Man, am I so glad I did! What a wonderful afternoon – filled with encouragement, constructive points of view and new ideas to transform what was ultimately pretty decent into something just that little bit better.
It is the opening scene, after all, so it will probably go through at least another couple of transformations before the book is complete. But for a first draft, I am pretty happy with the direction.
Now, this is the question: to publish the scene or not. Hm, now, there are differing schools of thought on this, but my gut says be me, and me would publish. I am a sharer. Can’t help it. Can’t fix it.

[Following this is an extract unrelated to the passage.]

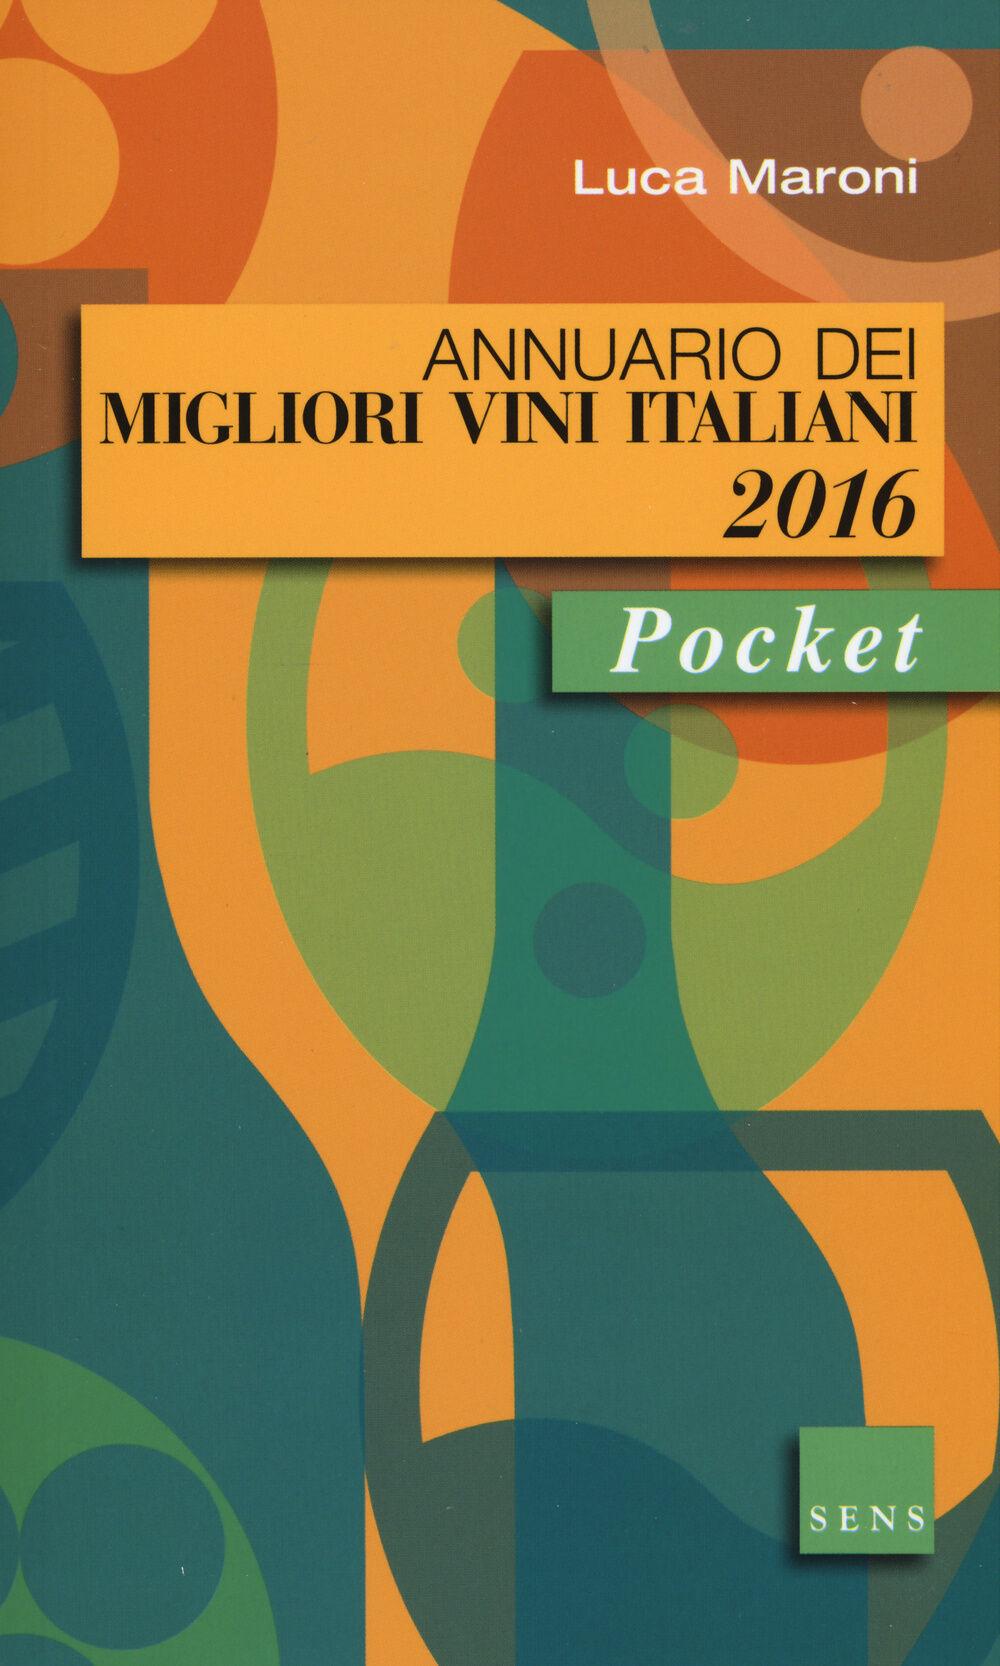 Annuario dei migliori vini italiani 2016. Pocket

So I am going to share my first scene as it stands. I won’t change what I have just yet because a couple of my buddies are getting back to me with their thoughts and I want to look at everyone’s ideas first before making changes.
Feel like adding your own point of view too? Go ahead BUT be kind. I have no problem with negative feedback and welcome it, but if it’s nasty, it’s going to get removed 🙂
Keep in mind that I realise there are a few errors, and that apparently Morton Bay figs don’t produce edible fruit (my bad) so feel free to just comment on the way the story feels, the characterisation and of course the plot!
Here we go!
Chapter 1: The Journey Begins
The familiar prickle of hairs standing to attention across her arms, neck and face signalled about 15 seconds left of control. Hannah clenched her fists and jaw. She tried to relax her breathing, but it just came out all shaky and shallow. ‘Breathe Hannah’, she whispered. ‘Breathe slower. Count Hannah. 10, 9, 8, 7, 6, 5… Breathe Hannah, come on, you can do this…’
Eventually she wiped her eyes clear. This attack had hit hard and fast and she had sat strapped into the seat, white knuckling the steering wheel of the 1969 Countryman that was practically her second home.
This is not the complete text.